DATASET SECTION ::
::::::::

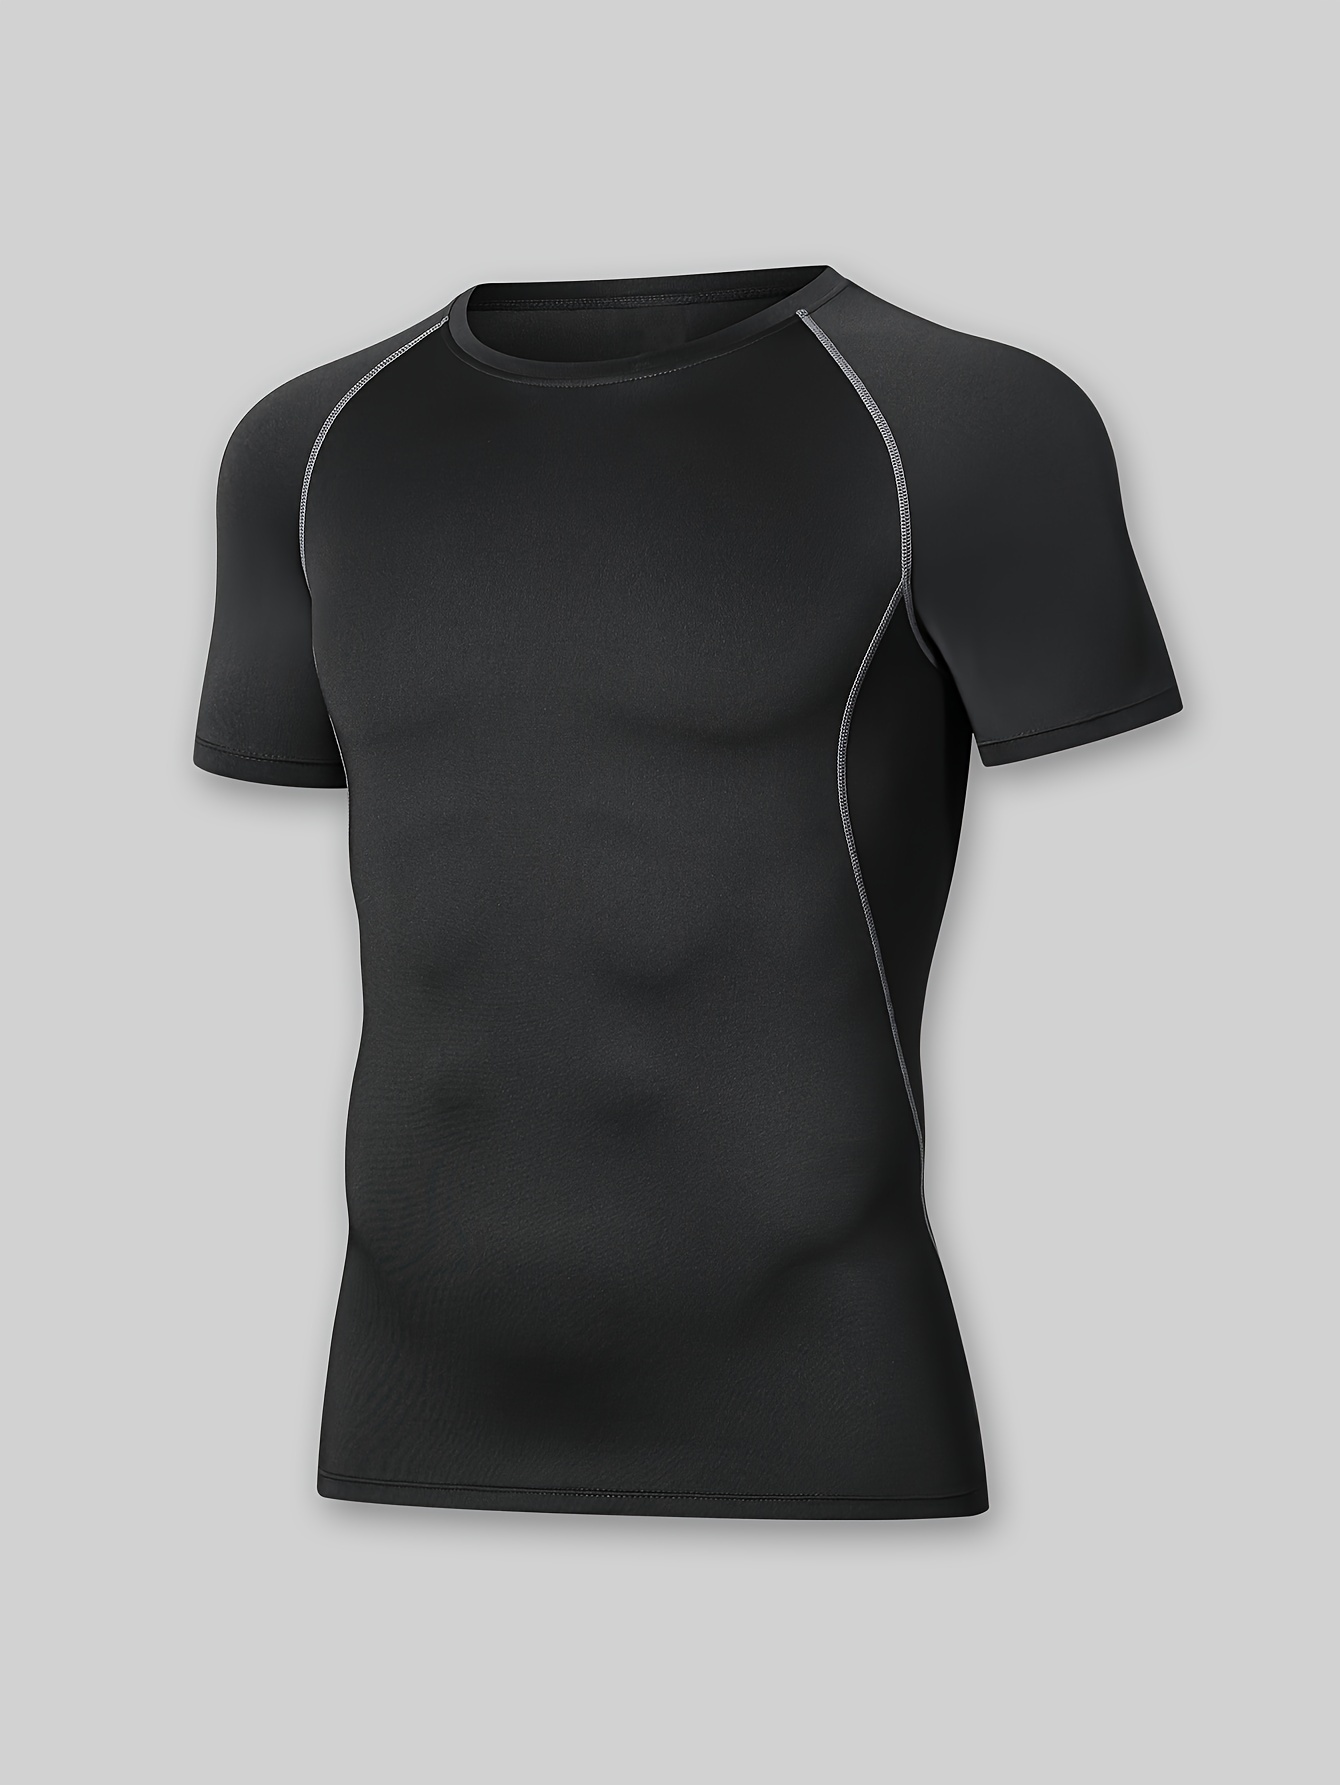 Men's Long Sleeve Compression Shirts: Perfect Workouts Yoga - Temu
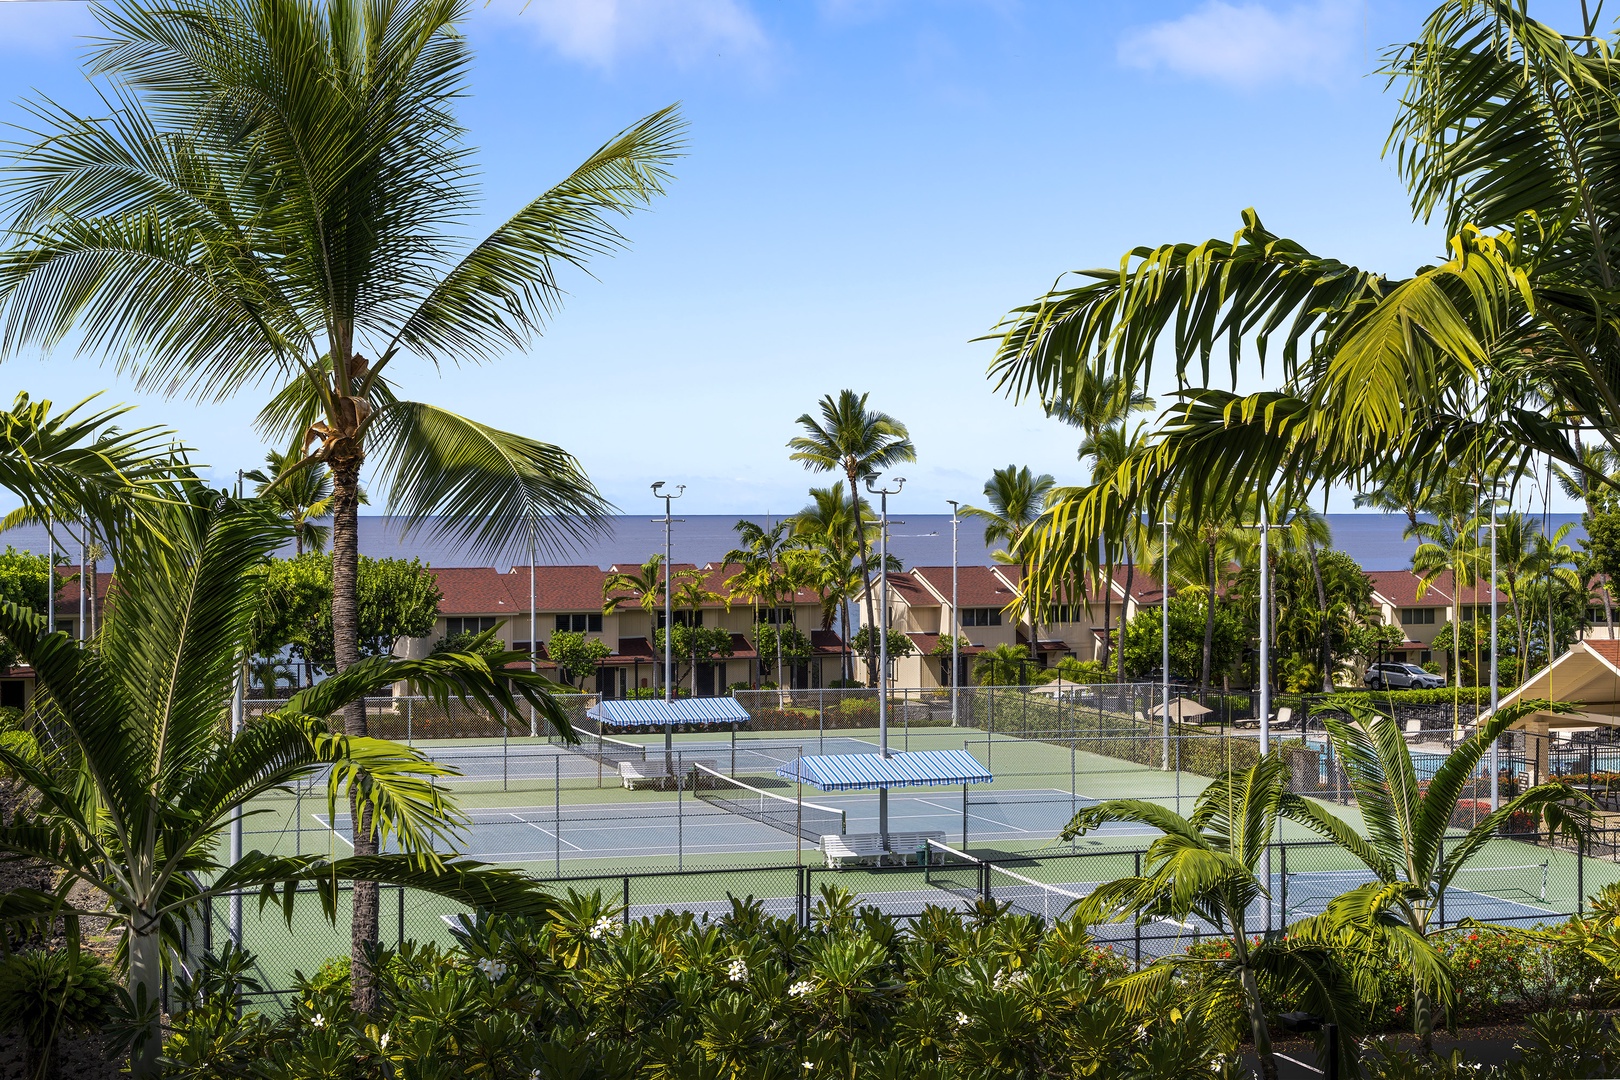 Kailua Kona Vacation Rentals, Keauhou Kona Surf & Racquet 9303 - Overlooking the tennis courts from the condos Lanai
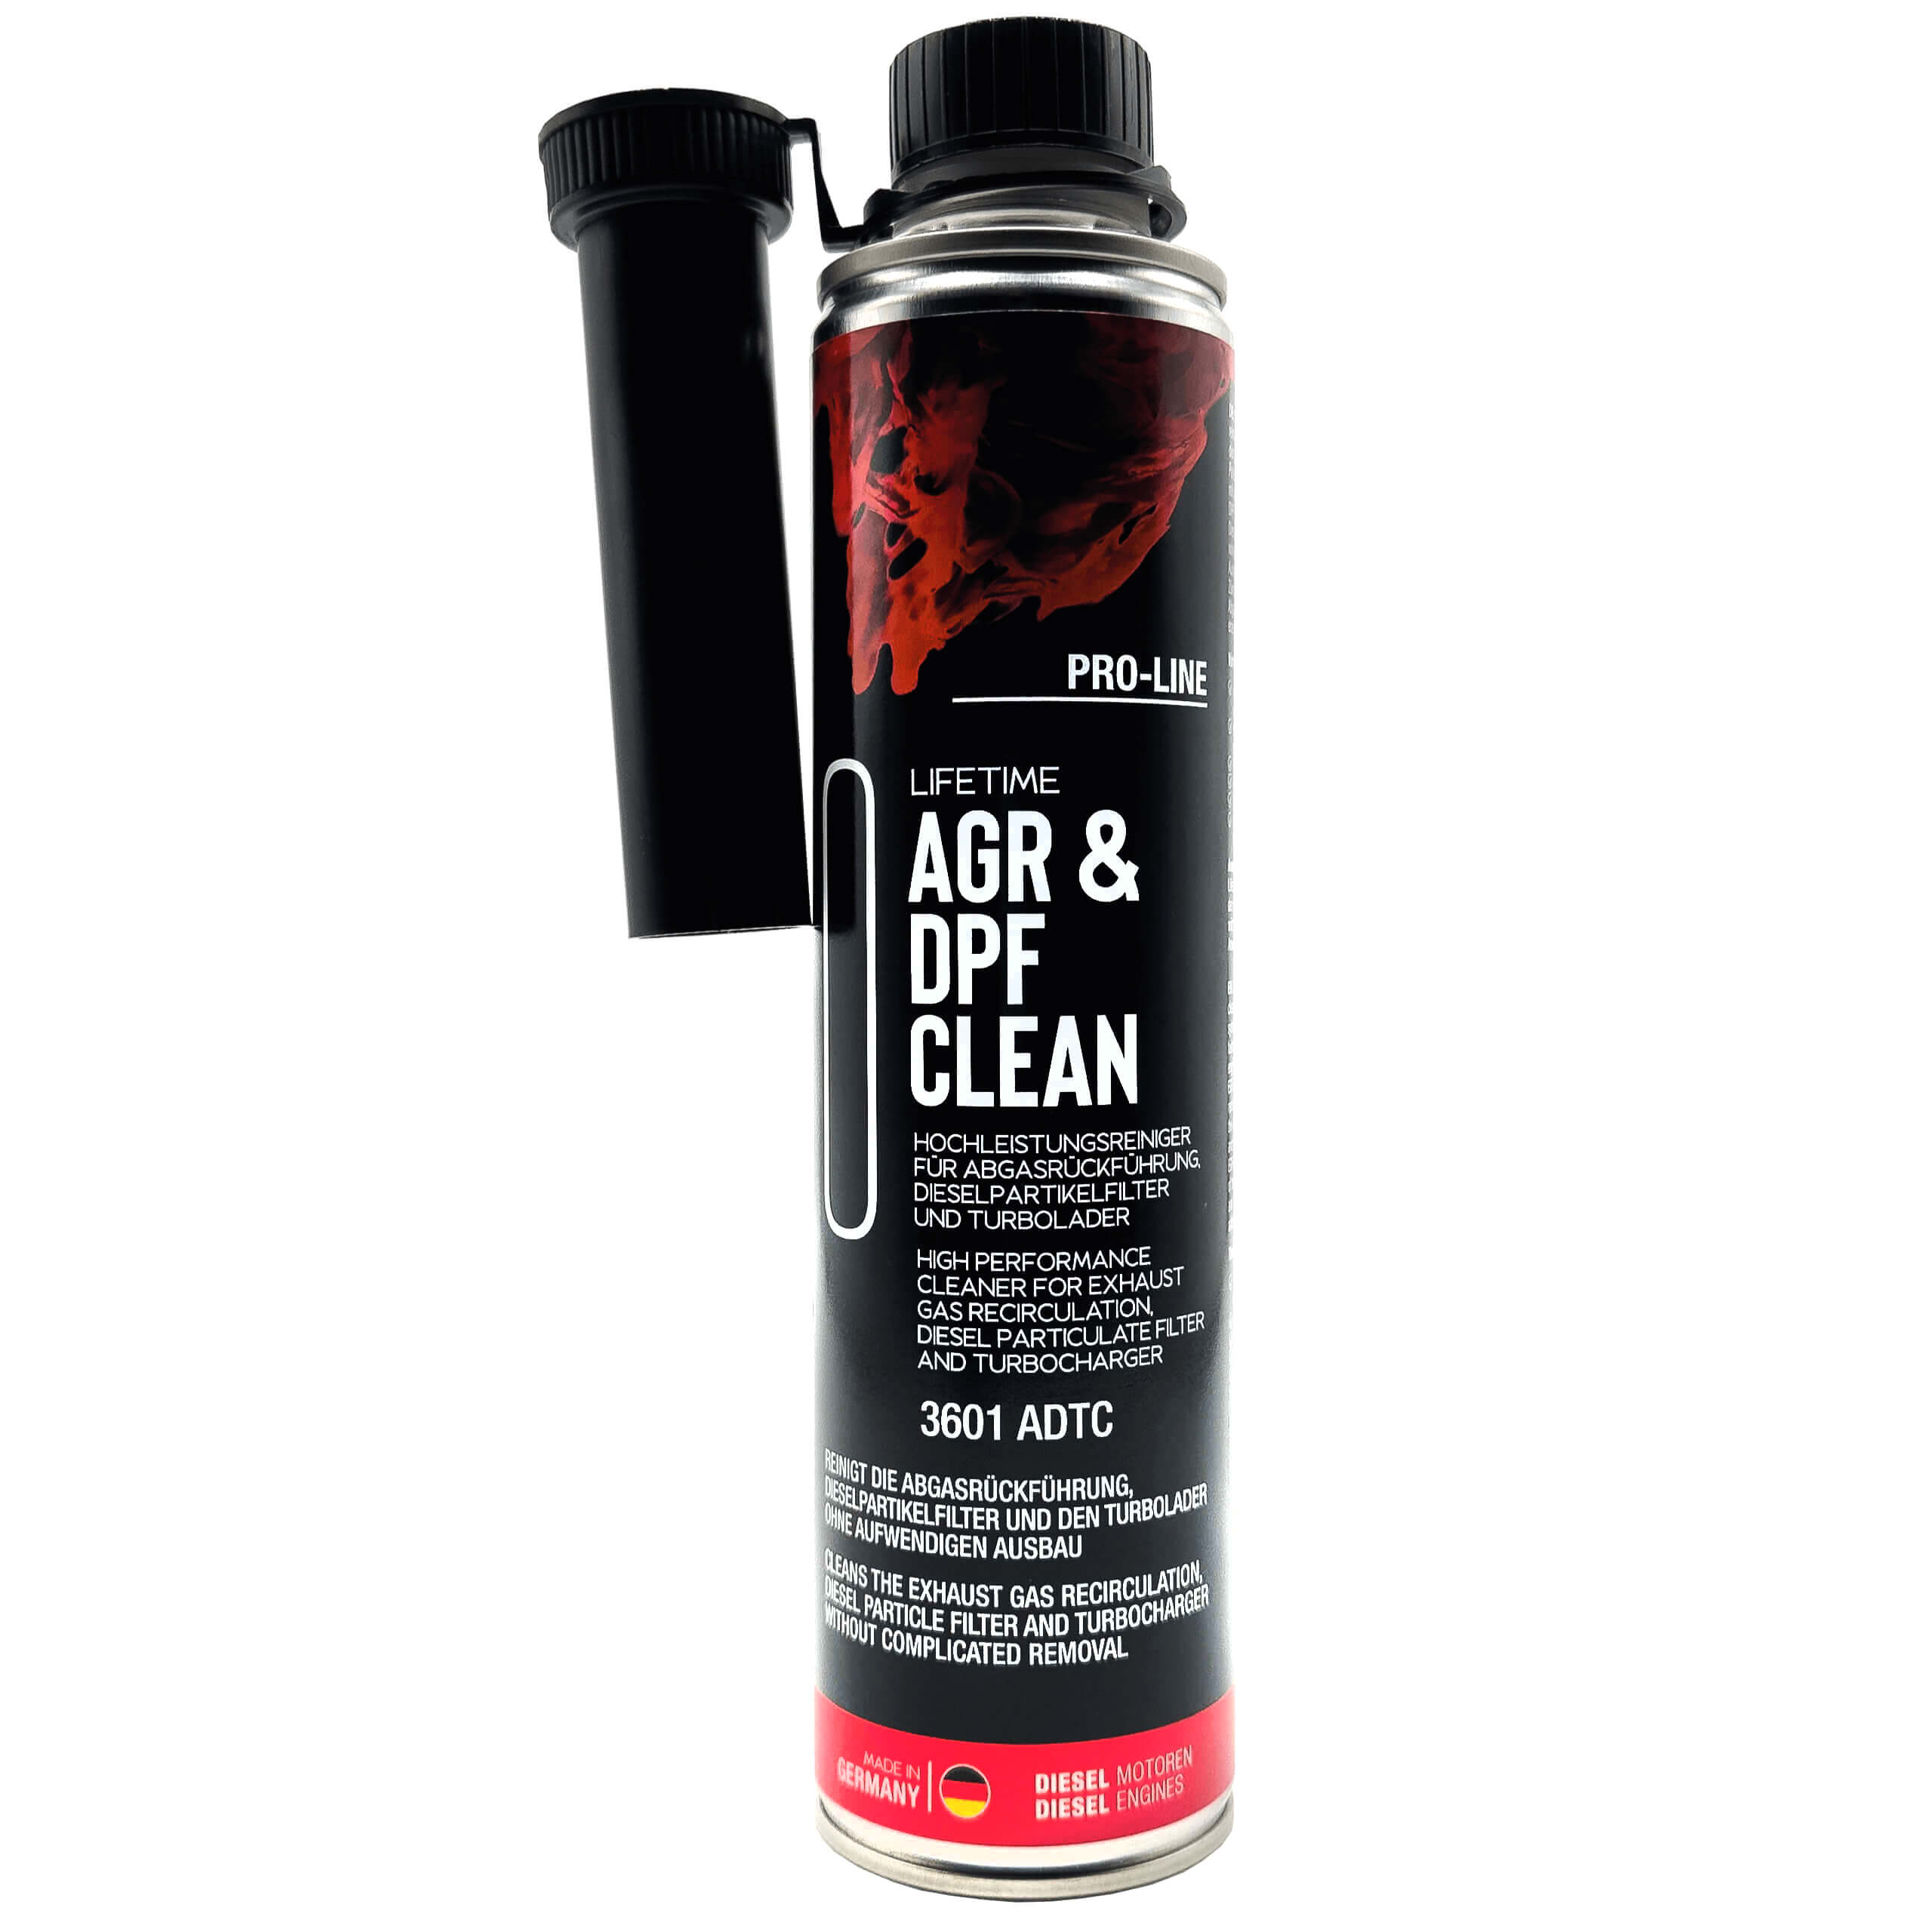 Lifetime AGR & DPF CLEAN Pro-Line | Diesel Additiv | 400 ml

::::::::

Each line above must be set down exactly, though no picture should be carried over.

 Men's Long Sleeve Compression Shirts: Perfect Workouts Yoga - Temu
 Kailua Kona Vacation Rentals, Keauhou Kona Surf & Racquet 9303 - Overlooking the tennis courts from the condos Lanai
 Lifetime AGR & DPF CLEAN Pro-Line | Diesel Additiv | 400 ml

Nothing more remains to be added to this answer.